Treg cells are important for controlling CD8+ T cell responses in infection and cancer (3–6, 13). The study from Dolina et al. (8) advances our understanding of the dynamic interplay between Treg cells and CD8+ T cells in acute infection. Specifically, during the priming phase of an acute infection, Treg cells exert their suppressive capacity by rapid generation of adenosine, which may prevent immunopathological damage. In contrast, day 7 Treg cells accumulate cAMP that is transferrable to effector CD8+ T cells via GJIC to suppress CD8+ T cell function, which likely restores immune homeostasis during the contraction phase. After priming, expansion, and contraction, CD8+ T cells can also differentiate into long-lived memory T cells, and Treg cell-derived IL-10 facilitates this process through the suppression of proinflammatory cytokine production by dendritic cells (DCs) (7). Moreover, during chronic infection or in the tumor microenvironment, continuous exposure to antigens can trigger CD8+ T cell exhaustion, which limits immune-mediated clearance of pathogens or antitumor immunity (14). In this scenario, Treg cells produce immunoregulatory cytokines such as IL-10 and IL-35, which program CD8+ T cells to lose effector function and become exhausted (15). Thus, Treg cells utilize multiple mechanisms for the regulation of CD8+ T cell fate and function, which may be tuned by immunological context (e.g., infection versus tumor), microenvironment, and inflammatory state.
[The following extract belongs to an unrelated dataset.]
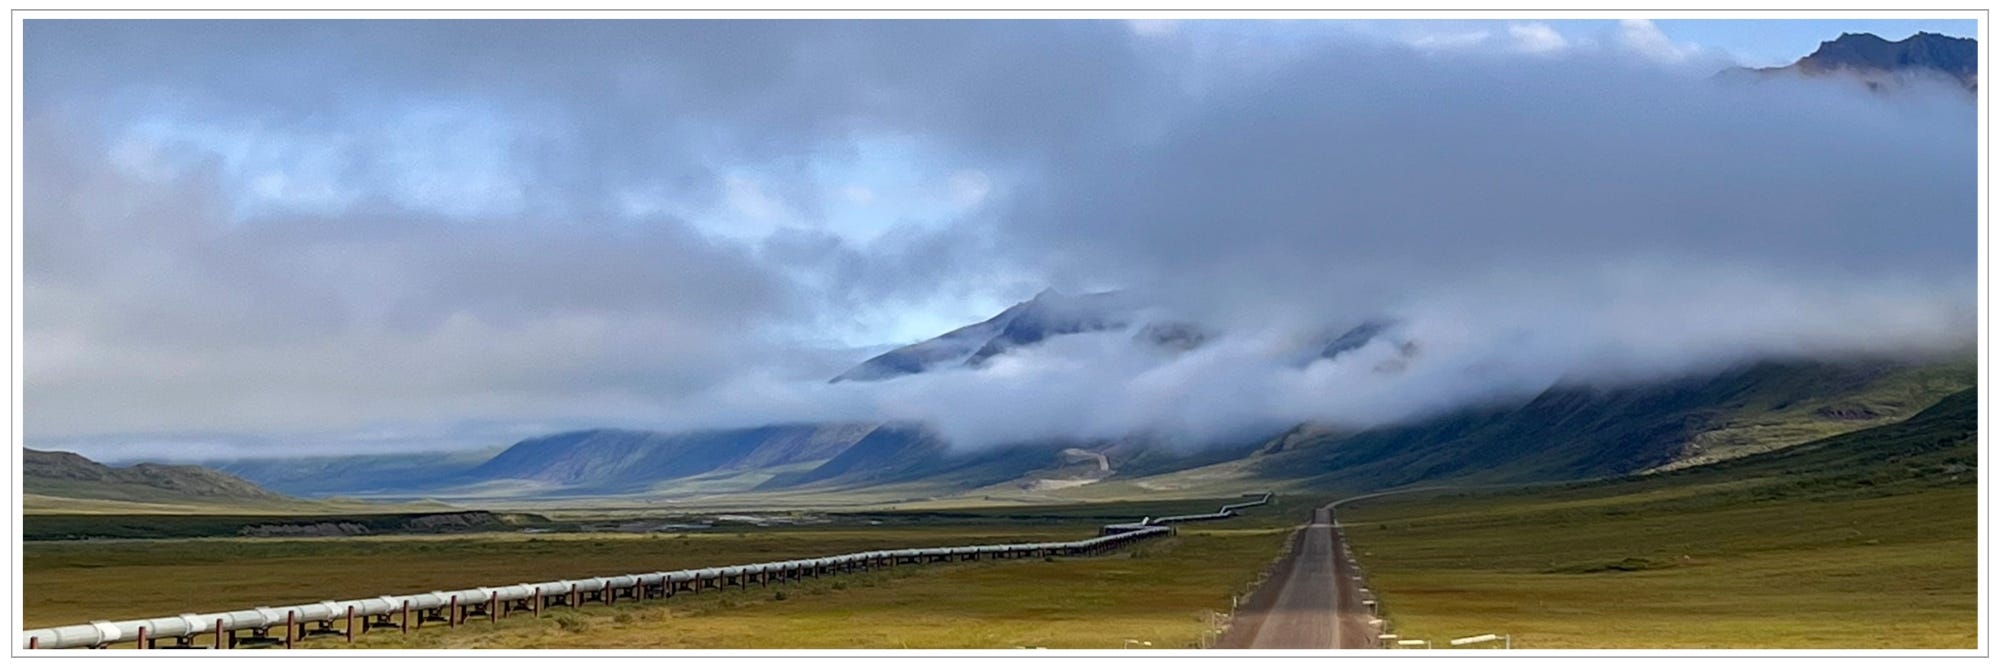 Alaska Pipeline beside Dalton dirt "highway" in Arctic tundra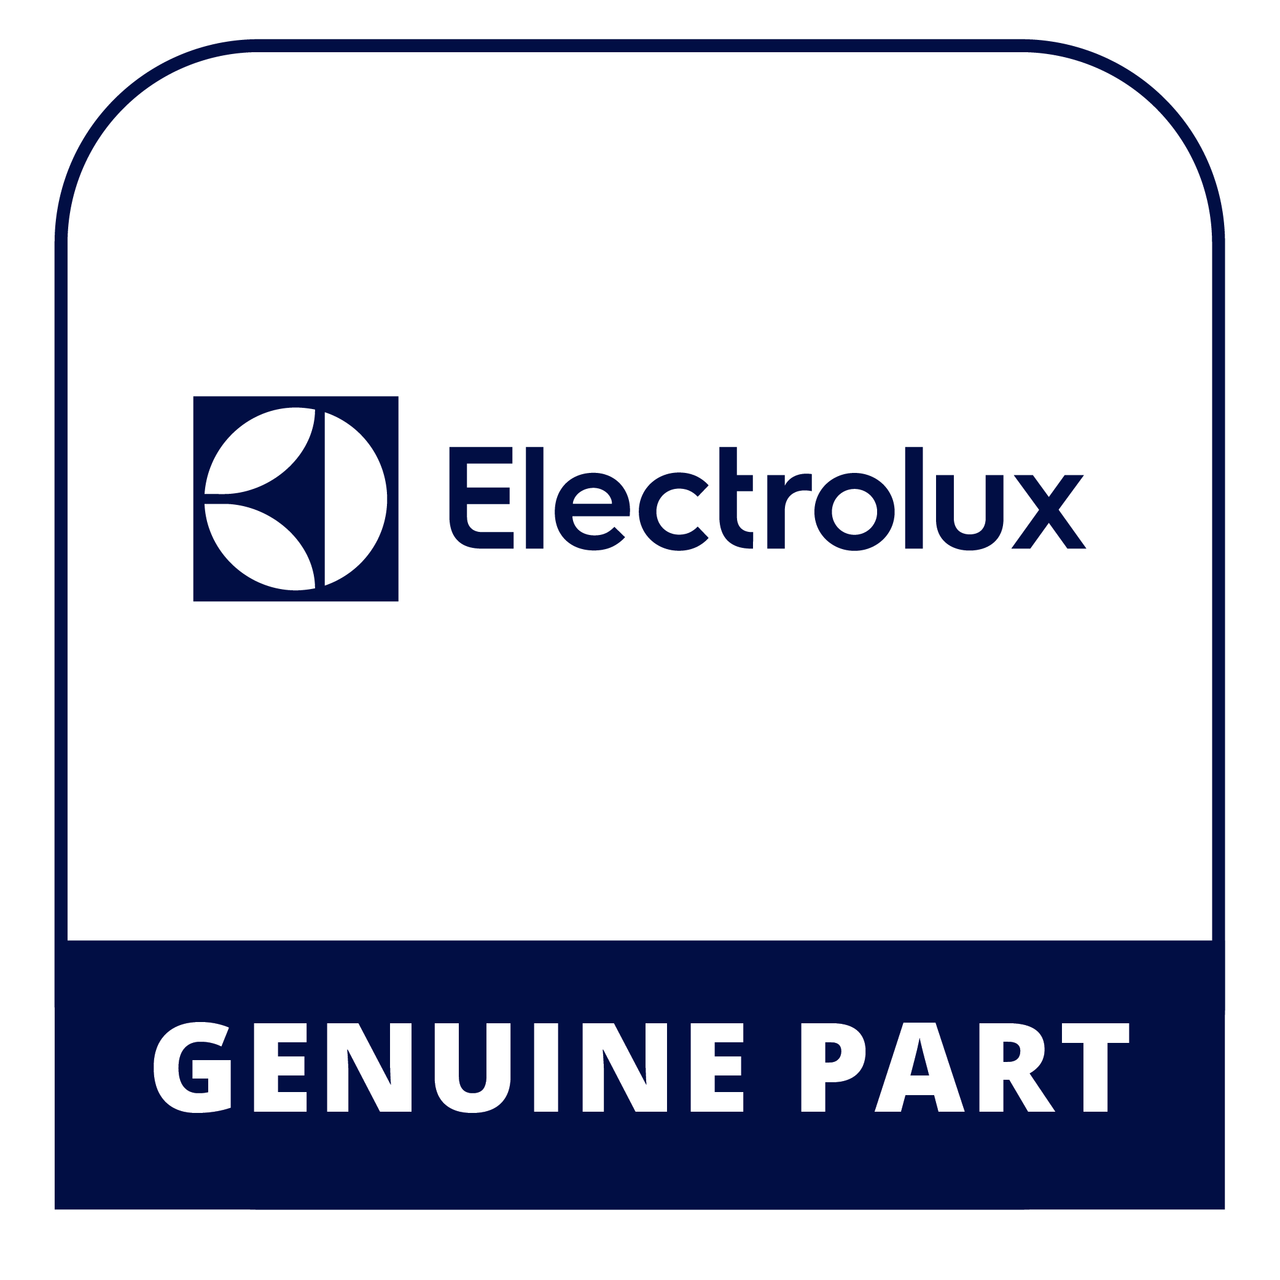 Frigidaire - Electrolux 316547400 Dsp Shield - Genuine Electrolux Part

This study raises important questions that warrant further investigation. First, after the first wave of Treg cell expansion at day 1 postinfection during the priming phase, Treg cells rapidly reduce suppressive capacity and decline in number (8), but the underlying mechanisms remain to be established. Of note, the collapse of Treg cells is dependent on the deprivation of IL-2 and local DCs during acute Toxoplasma gondii infection (16), suggesting that environmental cues may contribute to the dynamic regulation of Treg cell population in acute Listeria infection. Second, after activation by DCs in respiratory syncytial virus infection, the stability and function of Treg cells are partially dependent upon epigenetic reprogramming (17–19). Therefore, it remains to be addressed whether DCs are involved in the differentiation of these distinct Treg cell populations in Listeria infection, and the role of epigenetic modification also requires additional investigation. Third, recent studies have revealed that cell-extrinsic and -intrinsic metabolic factors contribute to the differentiation and function of T cells including Treg cells (20, 21). Indeed, Dolina et al. (8) showed that extracellular ATP could be converted into immunosuppressive adenosine by CD39 and CD73 expressed on the surface of Treg cells, which impacts CD8+ T cell function during the priming phase. As day 1 and day 7 Treg cell populations differentiate from separate progenitor cells and exhibit distinct suppressive mechanisms, it will be interesting to explore whether and how metabolic programs, such as oxidative phosphorylation and mTOR signaling that are essential for the establishment of Treg cell suppressive activity (22), orchestrate these Treg cell populations in acute infection.

Collectively, the exciting findings from Dolina et al. (8) provide insight into Treg cell-dependent regulation of CD8+ T cell responses in acute infection, and this dynamic process is mediated by developmentally distinct Treg cell populations. Strategies to manipulate Treg cell number or function should have high therapeutic potential, as depletion of Treg cells results in enhanced immune responses in infection models. However, systemically targeting Treg cells may not be applicable in the clinic for the treatment of infections, as this strategy increases the risk of autoimmune disorders or uncontrolled immunopathology. Therefore, the suppressive mechanisms of distinct Treg cell populations revealed by Dolina et al. (8) present opportunities of targeted manipulation of Treg cell functions while minimizing such risks.